Foster Swift Health Care Law E-News
February 6, 2015
Final Regulations now provide guidance on how hospitals maintain their tax exemption under Internal Revenue Code Section 501(r). Section 501(r) was added to the Internal Revenue Code (“Code”) by the Patient Protection and Affordable Care Act (“ACA”) in 2010. A hospital loses its tax exemption under Code Section 501(c)(3) if the hospital:
- Does not meet the community health needs assessment (“CHNA”) requirements of Section 501(r)(3),
- Does not meet the financial assistance policy (“FAP”) requirements of Section 501(r)(4),
- Does not comply with Section 501(r)(5), which requires that patient charges for emergency or other medically necessary care under FAP do not exceed the amounts generally billed to individuals who have insurance covering such care, and
- Fails to meet the billing and collection restrictions of Section 501(r)(6) prohibiting extraordinary collection activities before the hospital has made reasonable efforts to determine whether the patient is eligible for assistance under the financial assistance policy.

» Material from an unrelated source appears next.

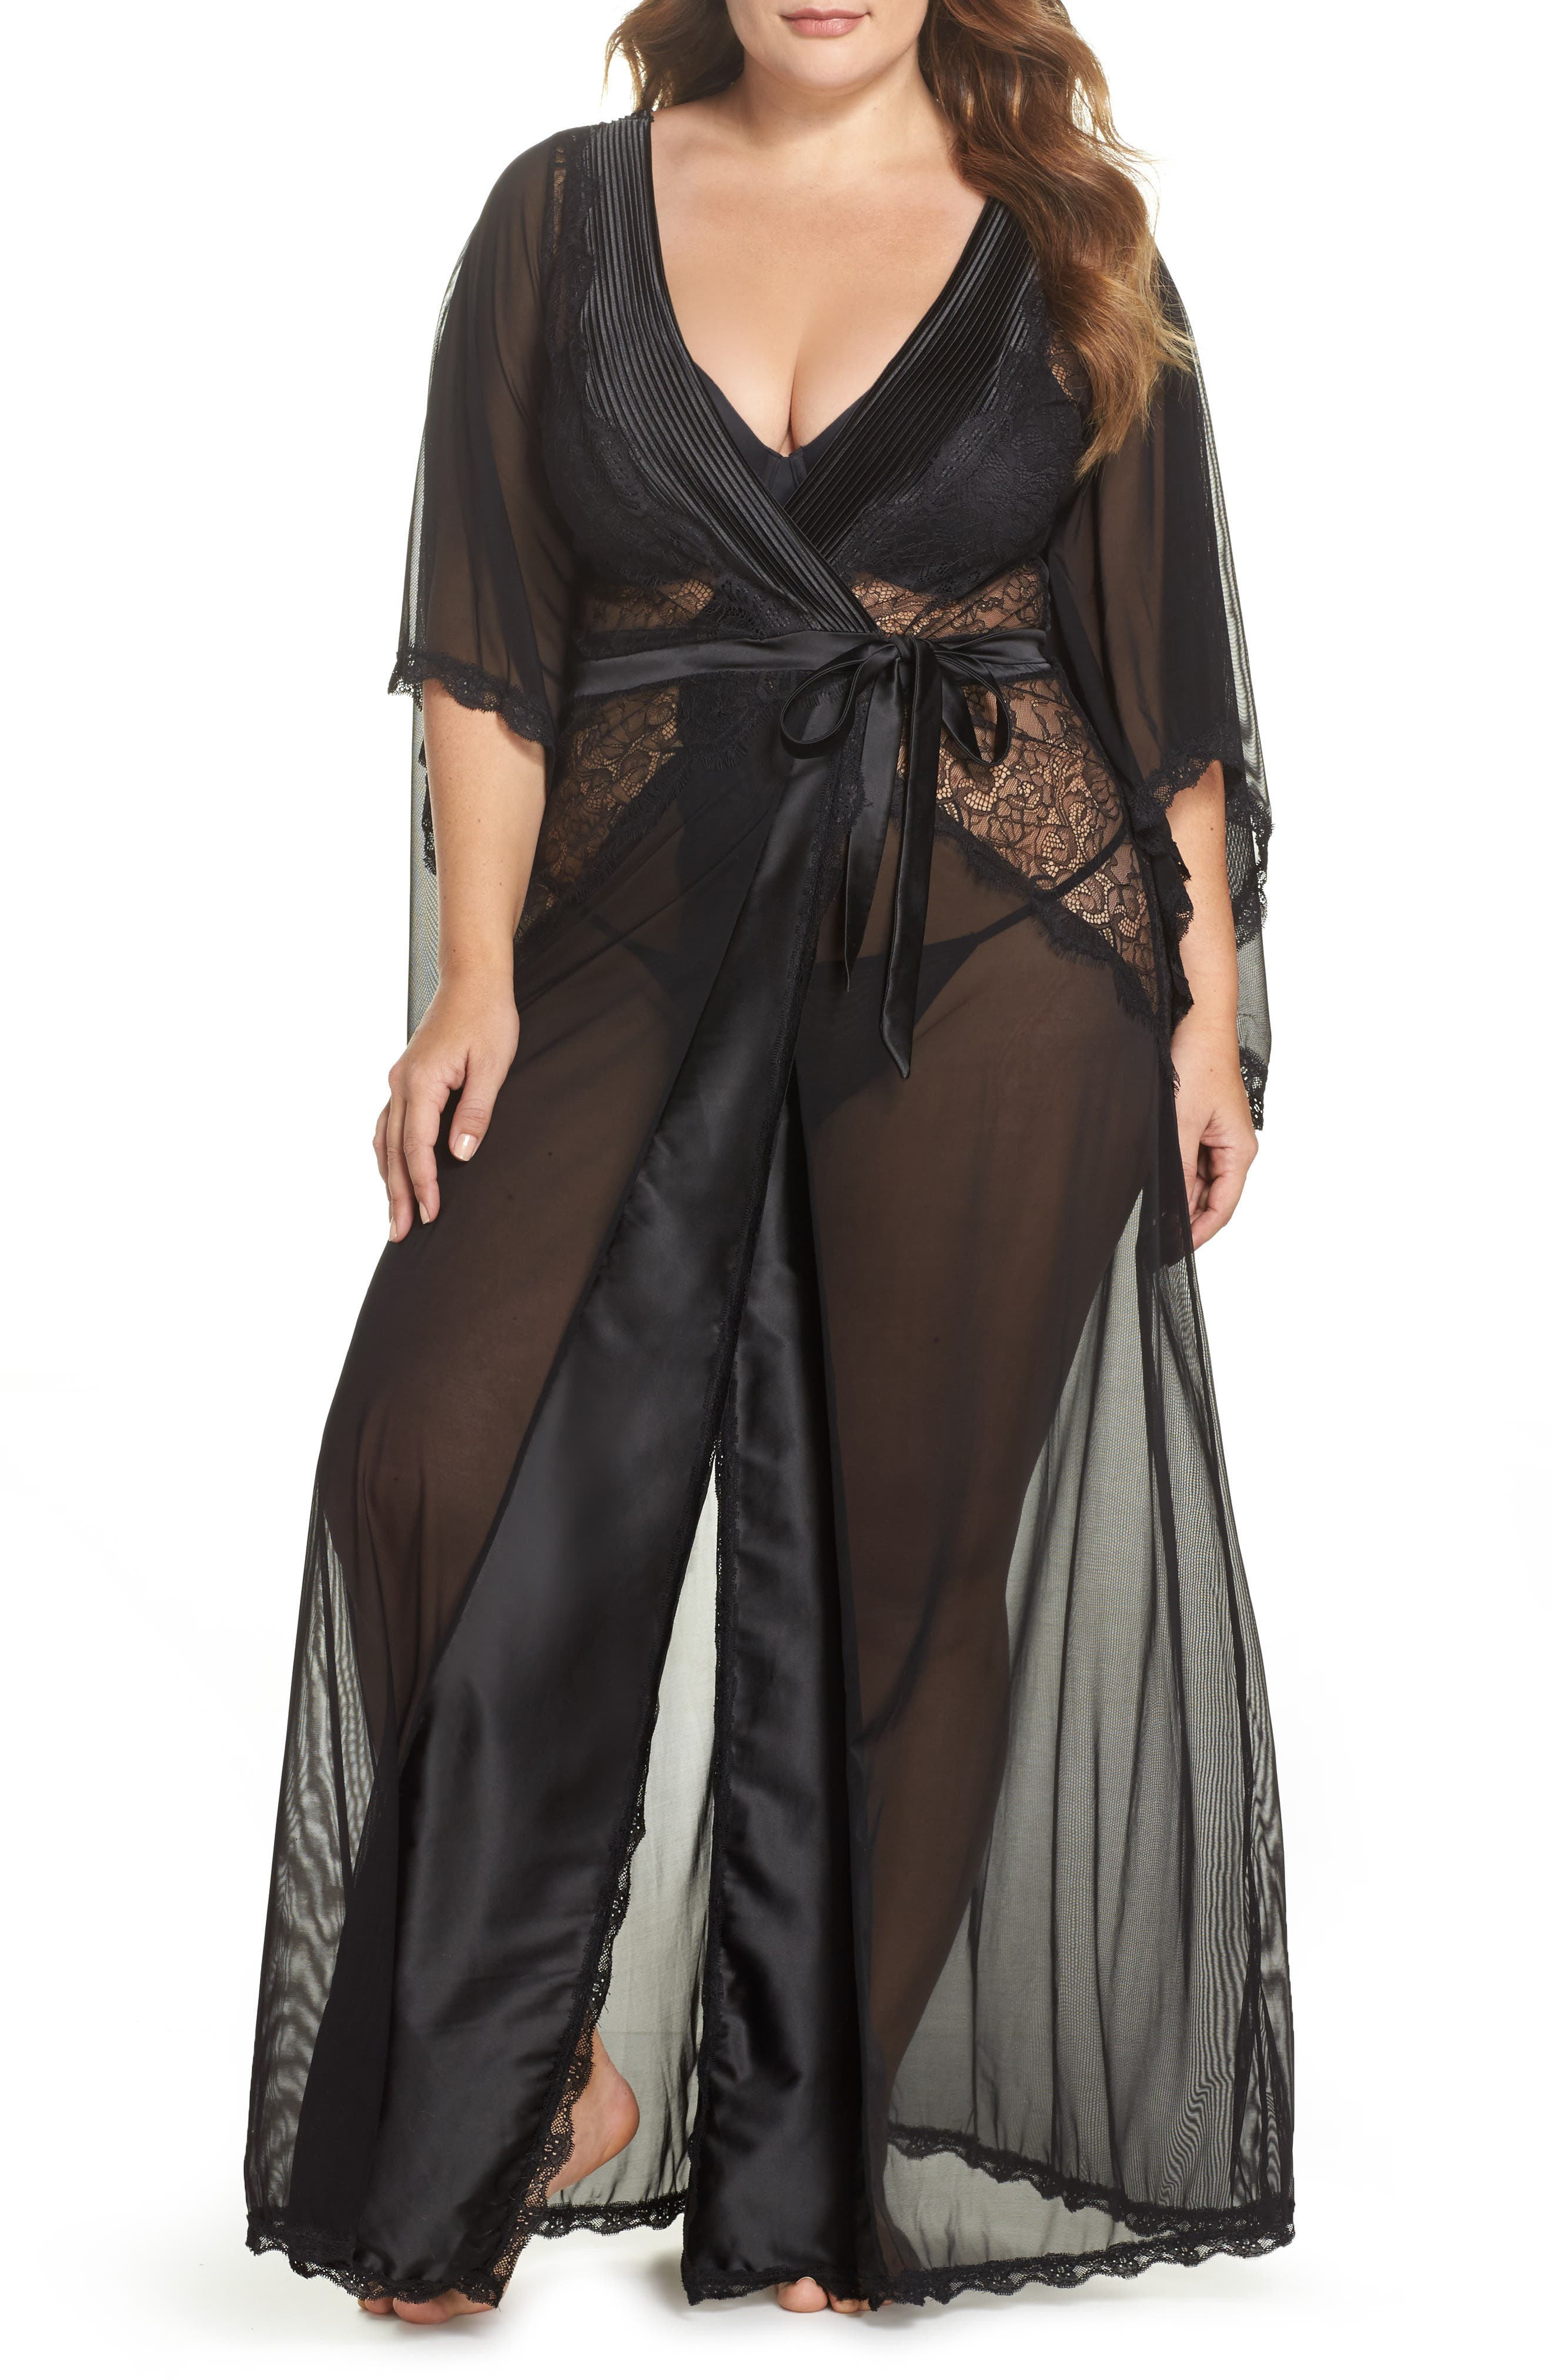 Main Image - Oh La La Cheri Nicolette Sheer Robe & G-String (Plus Size)

The ACA also added Section 4959 which imposed a $50,000 excise tax on a hospital organization that failed to meet the community health needs assessment for any taxable year.
After a series of IRS issued notices and proposed rule-making published in the federal register, the Service has now published, on December 31, 2014, final regulations to provide guidance on the requirements of Section 501(r). The final regulations are imposed on each hospital for its first taxable year beginning after December 29, 2015. Prior to that date a hospital may rely on the 2012 and 2013 proposed regulations. The final regulations apply to all hospital organizations who seek to be recognized as exempt under Section 501(c)(3) including government hospital organizations. Many government organizations do not have to file a Form 990 or include any CHNA related information within Form 990, but these organizations still must make their CHNA reports and FAP reports widely available on a website.
Accountable Care Organizations (“ACOs”) do not have to comply with the Section 501(r) requirements but it is permissible for multiple hospital facilities to have identical FAPs and other policies as long as they clearly indicate that the policies are applicable to each facility. In addition, separate hospitals, if they define their community the same, may conduct a joint CHNA and adopt a joint implementation strategy addressing the health needs identified in the common community.
The failure to satisfy the final regulations implementing Section 501(r) ultimately may cause the revocation of a hospital’s exempt status. The IRS will consider all relevant facts and circumstances involving the failure including:
- Whether the organization has previously failed to meet the requirements,
- The size, scope, nature and significance of the failure,
- If the hospital operates more than one hospital facility, the number, size and significance of the facilities that failed to meet the requirements,
- The reason for the failure,
- Whether the organization had prior to the failures established practices or procedures reasonably designed to promote and facilitate overall compliance,
- Whether the practices or procedures had been routinely followed and the failures occurred through an oversight or mistake in applying them,
- Whether the organization has implemented safeguards that are reasonably calculated to prevent similar failures,
- Whether the organization corrected the failures as promptly after discovery as is reasonable, and
- Whether the hospital implemented safeguards to prevent similar failures prior to the discovery by the IRS.
In general, an omission from a required reporting policy or error in implementation or operational requirements, if the omission or error was minor and either inadvertent or due to reasonable cause, will not be considered a failure to meet the final regulations.
It is possible under the final regulations that a hospital system that operates more than one hospital facility may fail to meet one or more of the requirements of Section 501(r) with respect to one hospital facility yet still keep the tax exemption for the overall organization by paying a corporate hospital facility tax on income derived from the non-compliant hospital facility during the taxable year of non-compliance. In addition, the operation of the non-compliant hospital facility will not be considered an unrelated trade or business described in Section 513 and shall not by itself affect the tax exempt status of bonds issued to finance the non-compliant hospital facility.
We encourage all of our hospital clients to review the final regulations to see if any hospital policies need to be changed or modified in light of the new regulations. We will publish future newsletters that comment on each requirement of Code Section 501(r).